There’s a huge new series of articles out this morning developed through a partnership between the Center for Public Integrity and NPR, focused on the nation’s failure to carry out the promise of the Clean Air Act to protecting us all from toxic air pollution. The lead story this morning from the center’s Jim Morris and others explains:
Americans might expect the government to protect them from unsafe air. That hasn’t happened. Insidious forms of toxic air pollution — deemed so harmful to human health that a Democratic Congress and a Republican president sought to bring emissions under control more than two decades ago — persist in hundreds of communities across the United States, an investigation by the Center for Public Integrity’s iWatch News and NPR shows.
Congress targeted nearly 200 chemicals in 1990 amendments to the Clean Air Act, which the first Bush administration promised would lead to sharp reductions in cancer, birth defects and other serious ailments. But the agencies that were supposed to protect the public instead have left millions of people from California to Maine exposed to known risks — sometimes for years.

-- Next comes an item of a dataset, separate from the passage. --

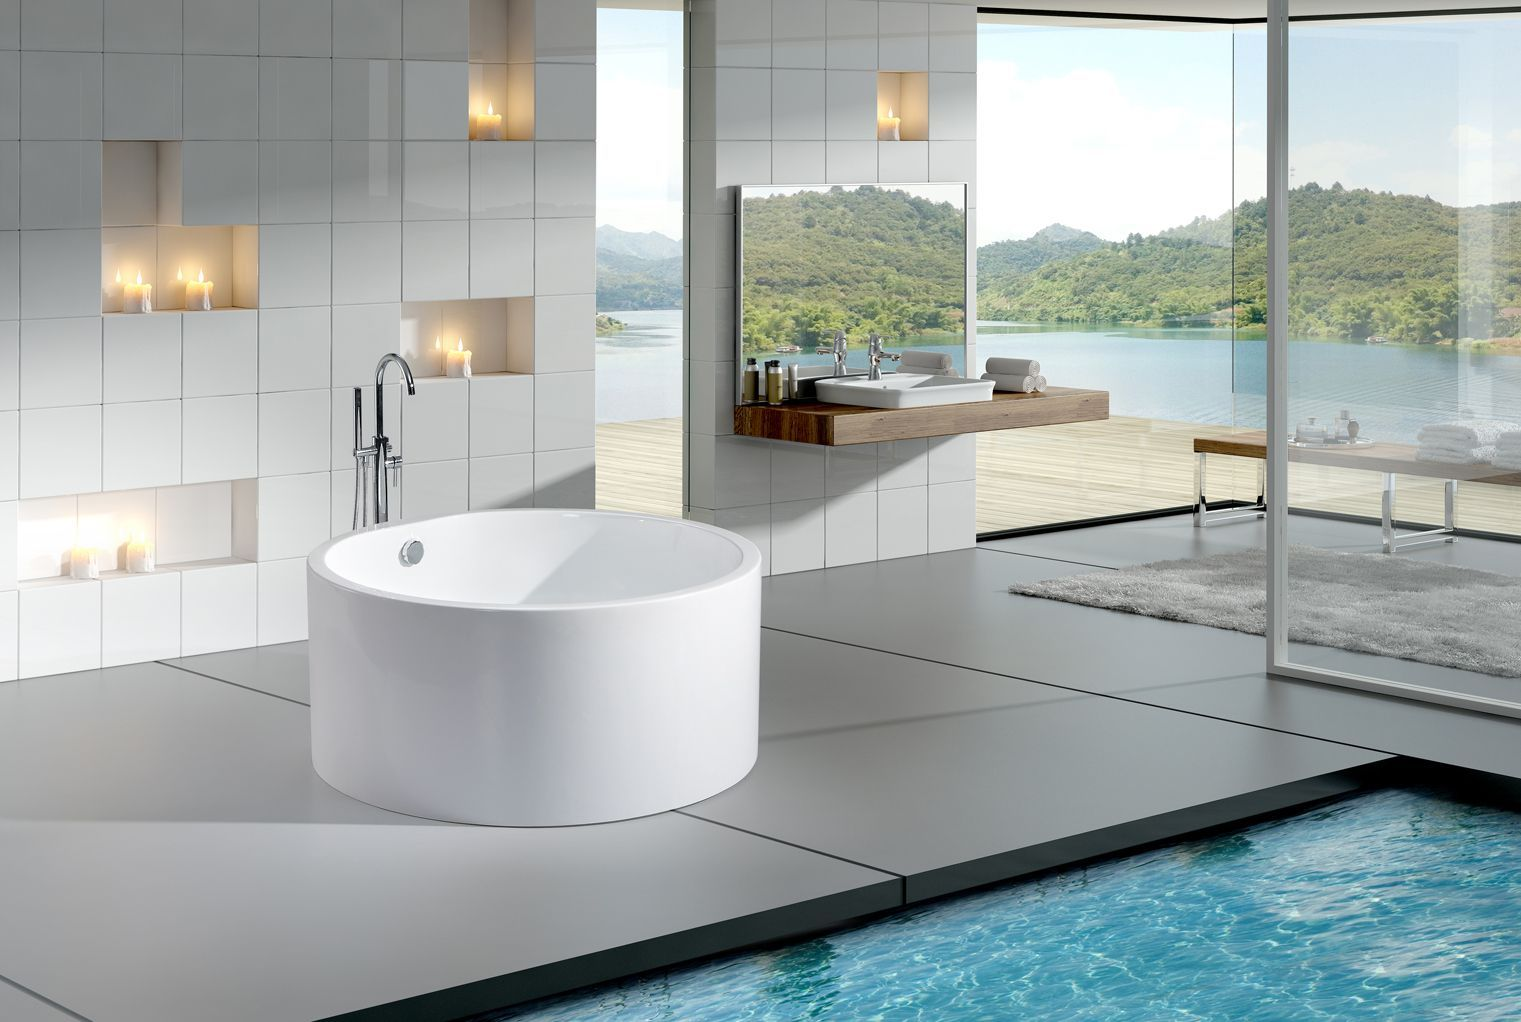 WHY I SHOULD GO WITH ROUND BATHTUB

Records, some previously undisclosed, show the extent to which Washington is aware of the failure of states and the U.S. Environmental Protection Agency to crack down on localized sources of hazardous airborne chemicals, known as air toxics, even when violations may have continued for years. According to the latest available data, the EPA knows of more than 1,600 “high priority violators” of the Clean Air Act — sites that regulators believe need urgent attention.

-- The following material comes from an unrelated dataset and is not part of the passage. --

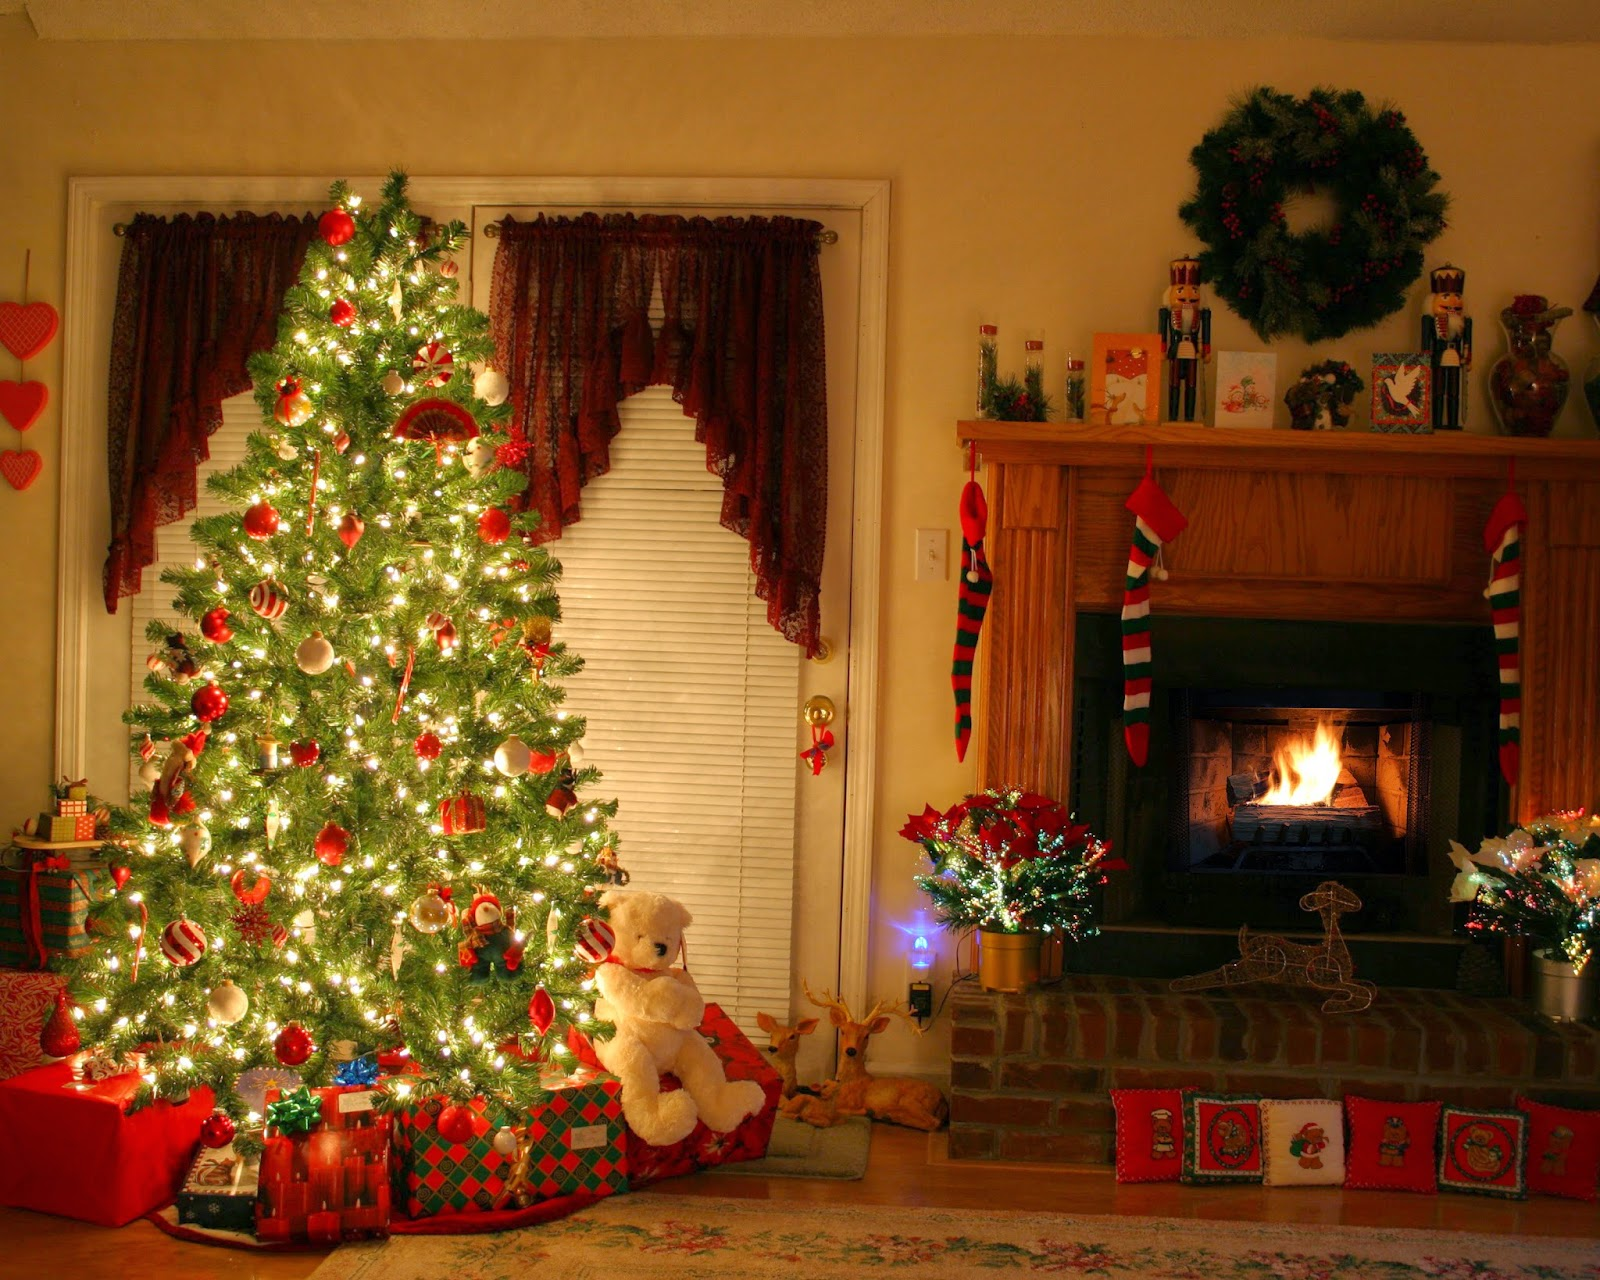 Christmas fireplace mantel decoration ideas for home made  ~ 135305_Christmas Decorating Ideas Traditional Home

About a quarter of these high priority violators appear on an internal EPA “watch list ” that includes serious or chronic polluters that have faced no formal enforcement action for nine months or more. Until now, the list has not been made public. The latest version, dated September 2011, shows the names and locations of 383 industrial, commercial, military and municipal facilities, from oil refineries and steel mills to pharmaceutical manufacturers, incinerators and cement kilns. Many of these facilities bombard communities in Texas, Iowa, New York, Arizona, Oklahoma and other states with solvents that can cause cancer, metals that can cause brain damage, or other contaminants.
“There are still places in the country that are overburdened with toxic pollution,” Cynthia Giles , the EPA’s assistant administrator for enforcement and compliance assurance, acknowledged in an interview with iWatch News and NPR.
And the first of NPR’s stories reports:
The system Congress set up 21 years ago to clean up toxic air pollution still leaves many communities exposed to risky concentrations of benzene, formaldehyde, mercury and many other hazardous chemicals.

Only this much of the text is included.